Your assignment =>
Please give every line below again exactly, but not its pictures.

Data section =>
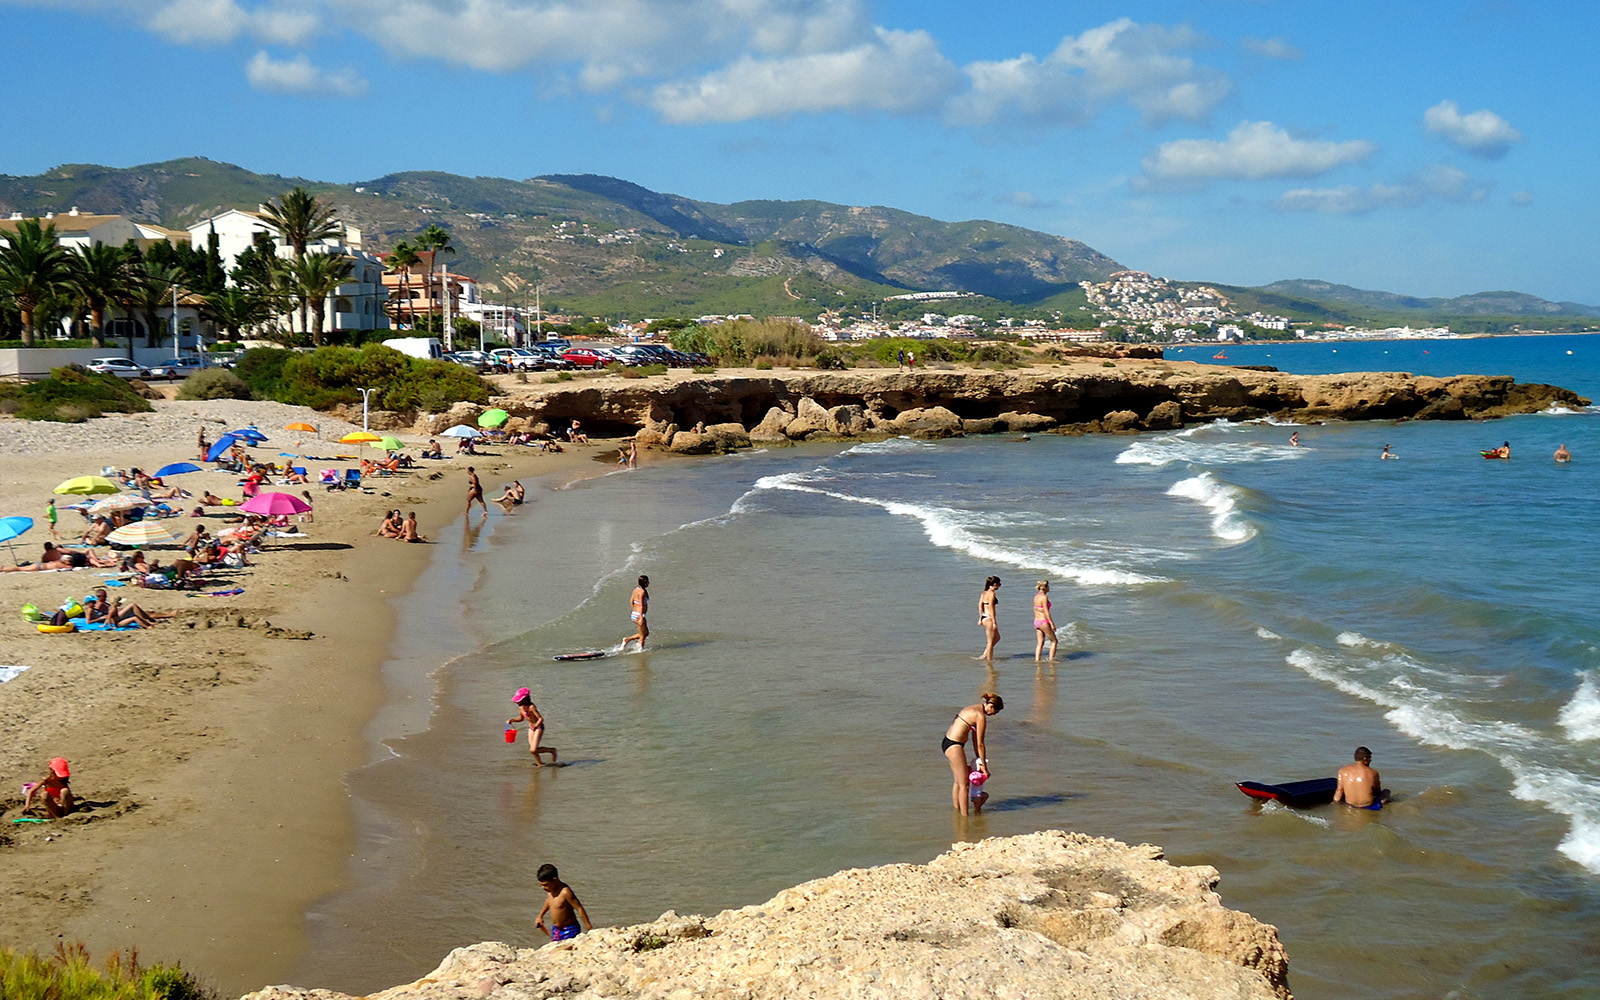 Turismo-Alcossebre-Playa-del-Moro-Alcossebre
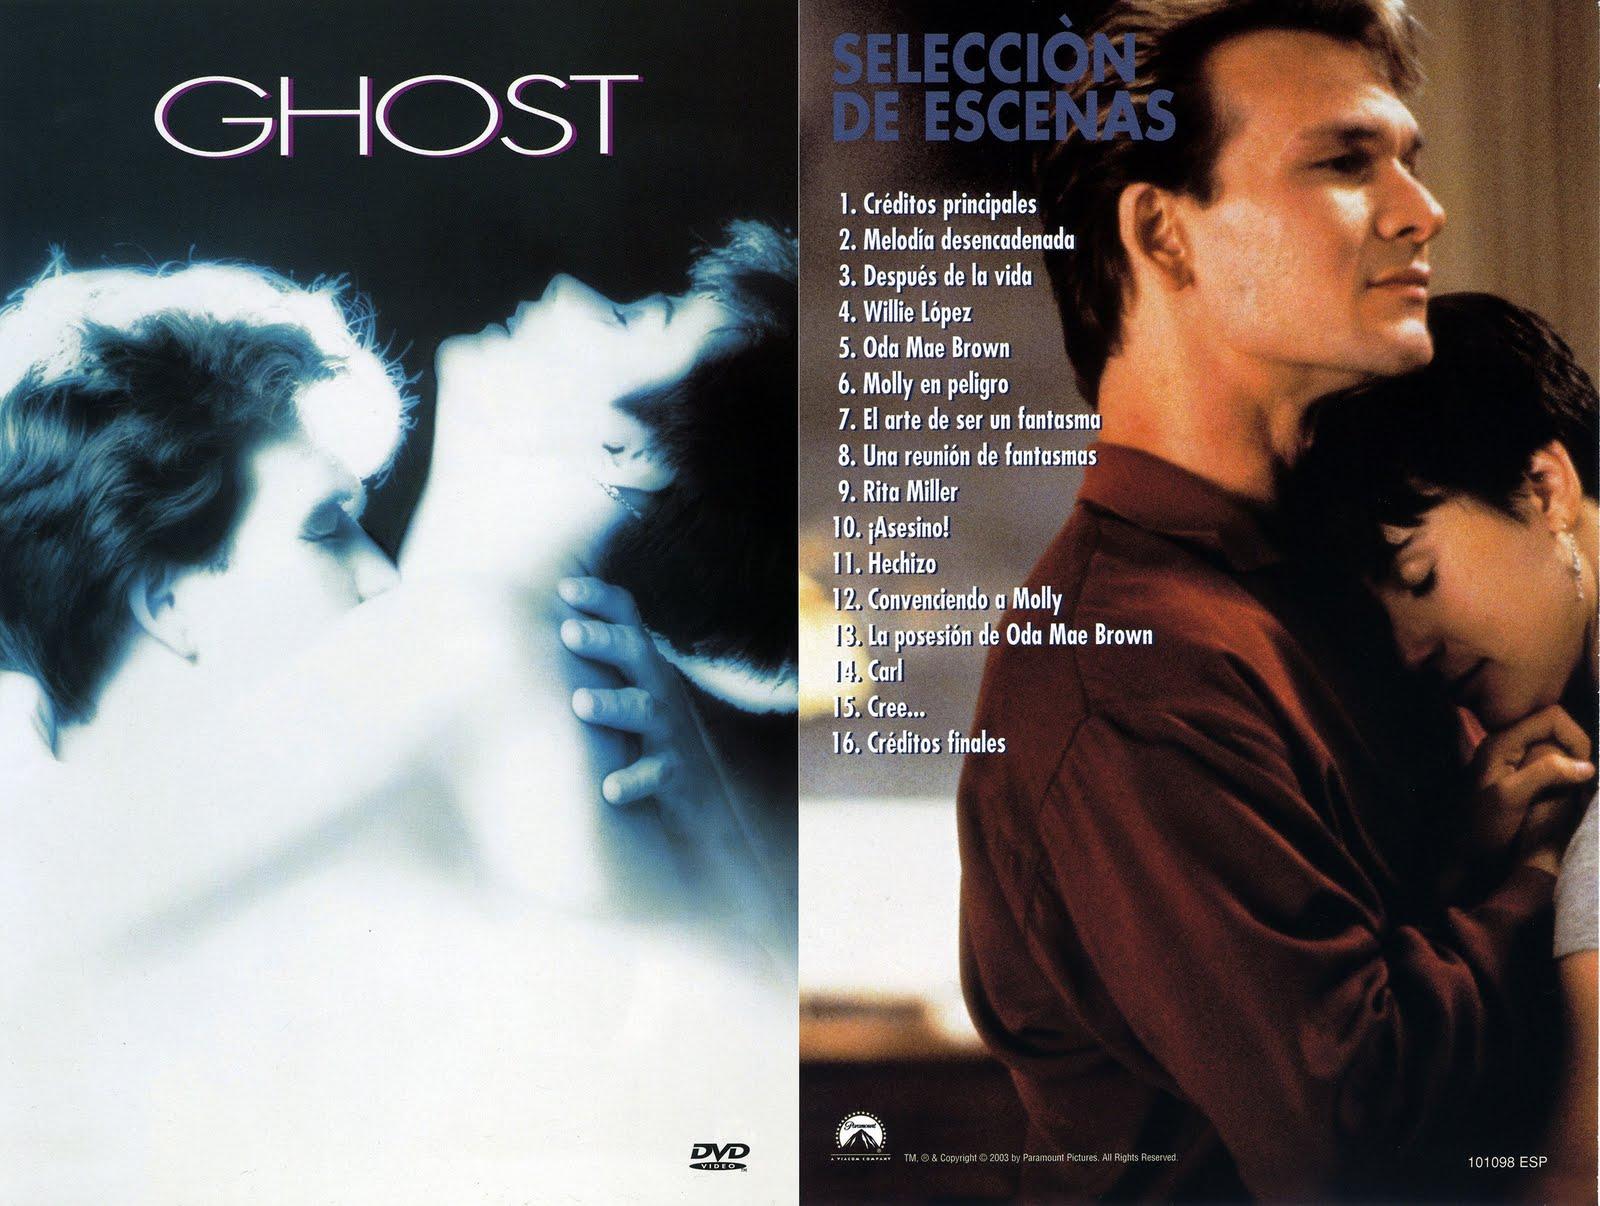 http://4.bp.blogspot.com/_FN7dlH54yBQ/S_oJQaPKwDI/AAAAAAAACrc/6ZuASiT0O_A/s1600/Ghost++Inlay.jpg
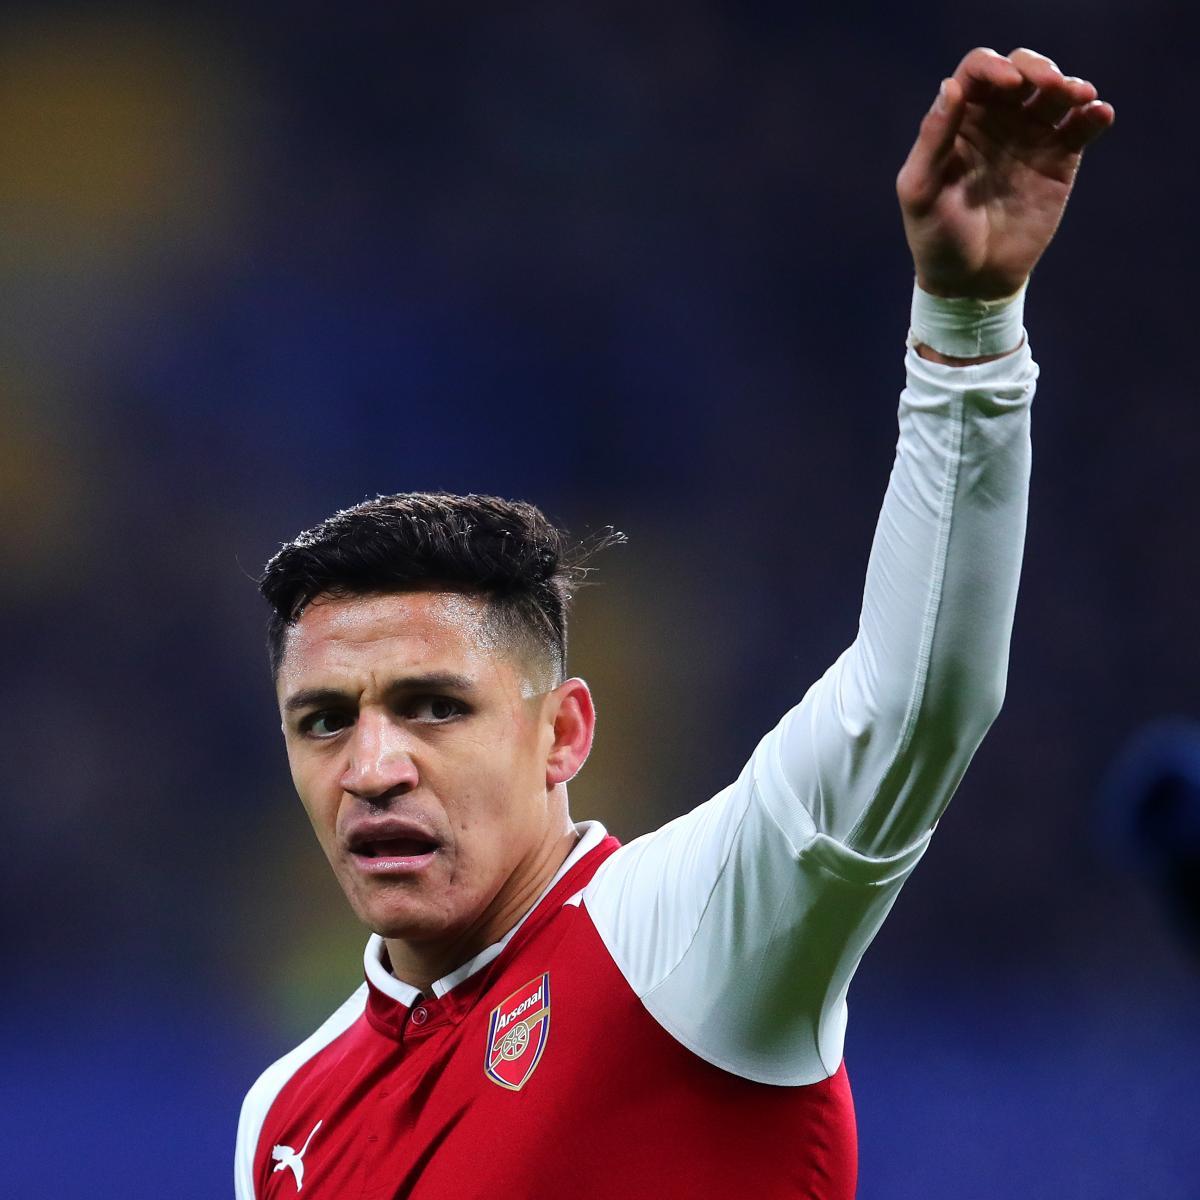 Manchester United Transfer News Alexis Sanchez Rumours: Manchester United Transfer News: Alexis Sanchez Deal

Solution to this problem =>
 Turismo-Alcossebre-Playa-del-Moro-Alcossebre
 http://4.bp.blogspot.com/_FN7dlH54yBQ/S_oJQaPKwDI/AAAAAAAACrc/6ZuASiT0O_A/s1600/Ghost++Inlay.jpg
 Manchester United Transfer News Alexis Sanchez Rumours: Manchester United Transfer News: Alexis Sanchez Deal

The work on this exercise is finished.